An FPS (Floating Production System) consists of semisubmersible floater, riser, catenary mooring system, subsea system, export pipelines, and production facilities. Significant system elements of an FPS do not materially reduce in size and cost with a reduction in number of wells or throughput. Consequently, there are limitations on how well an FPS can adapt to the economic constraints imposed by marginal fields or reservoir testing situations. The cost of the semisubmersible vessel (conversion or newbuild) and deepwater mooring system alone would be prohibitive for many of these applications.
Note that the semisubmersible configuration was developed for drilling applications. Here a large amount of payload must be supported with low free-floating motions. In marginal field applications neither requirement is important. In the present invention, only small payloads are required and these can be supported on a small deck which can be supported by a centrally located single surface-piercing column, rather than four corner located surface-piercing columns. Low freefloating motions are not required because a permanent vertical tension mooring will restrain vertical motions. As the need for large waterplane area is reduced, the structure in the wave zone can become more transparent, reducing environmental load and cost.
A TLP (Tension Leg Platform) consists of a four column semisubmersible floater, multiple vertical tendons on each corner, tendon anchors, and well risers. A single leg TLP has four columns and a single tendon/well. The TLP deck is supported by four columns that pierce the water plane. TLP's typically bring well(s) to the surface for completion.
As the TLP size is reduced, and the distance between corners diminishes, yaw motions increase and lead to interference between well risers. They twist around each other thereby creating a potential safety hazard with well risers. In the case of a single leg TLP, a catenary mooring is required to prevent large twisting displacements. The deepwater catenary mooring is a substantial additional cost element.
There are limitations on the extent to which a TLP can be reduced in size and cost. No matter how small the TLP's payload, it must contain enough buoyancy to keep sufficient pre-tension on tendons so that tendons never go slack as a wave trough passes.
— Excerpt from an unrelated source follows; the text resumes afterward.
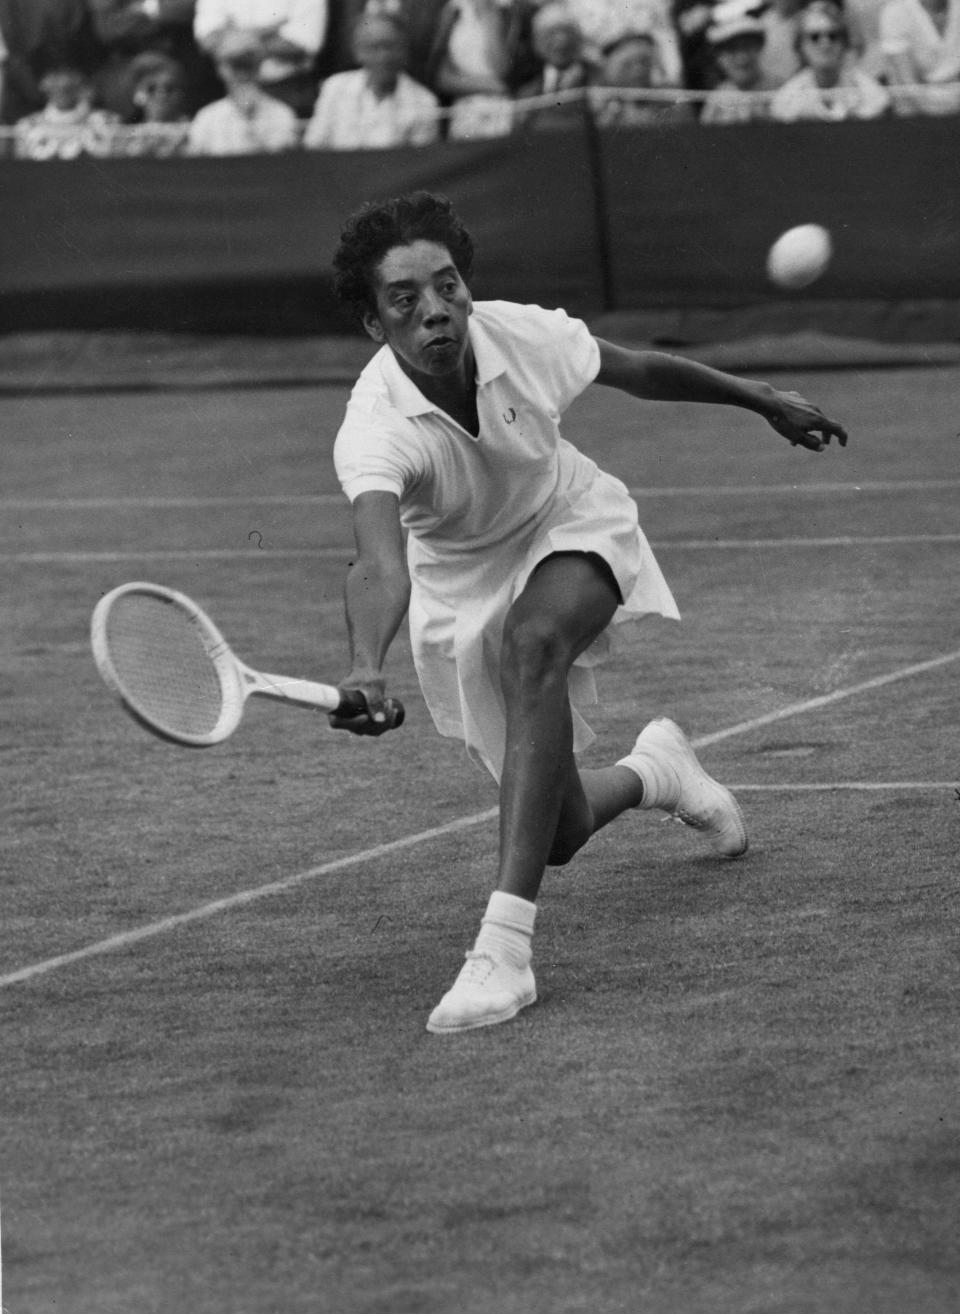 American tennis player Althea Gibson in action at the Wimbledon Lawn Tennis Championships.

A slack tendon can snap to very high tension loads that cause high fatigue damage or overstress.
A further restriction in shrinking a TLP is the fact that during tow and installation, the TLP's stability depends on water plane area. This limits how close together the columns can be spaced. After the TLP's tendons are in place, the tendon tension stabilizes the TLP and it need not be stable in the free floating condition. The system of the present disclosure is designed for a stable tow with only a single column piercing the water plane. A conventional TLP has at least four columns that pass through the water surface and attract environmental load. This is four times as much column wind area and load as the system configuration of the present disclosure.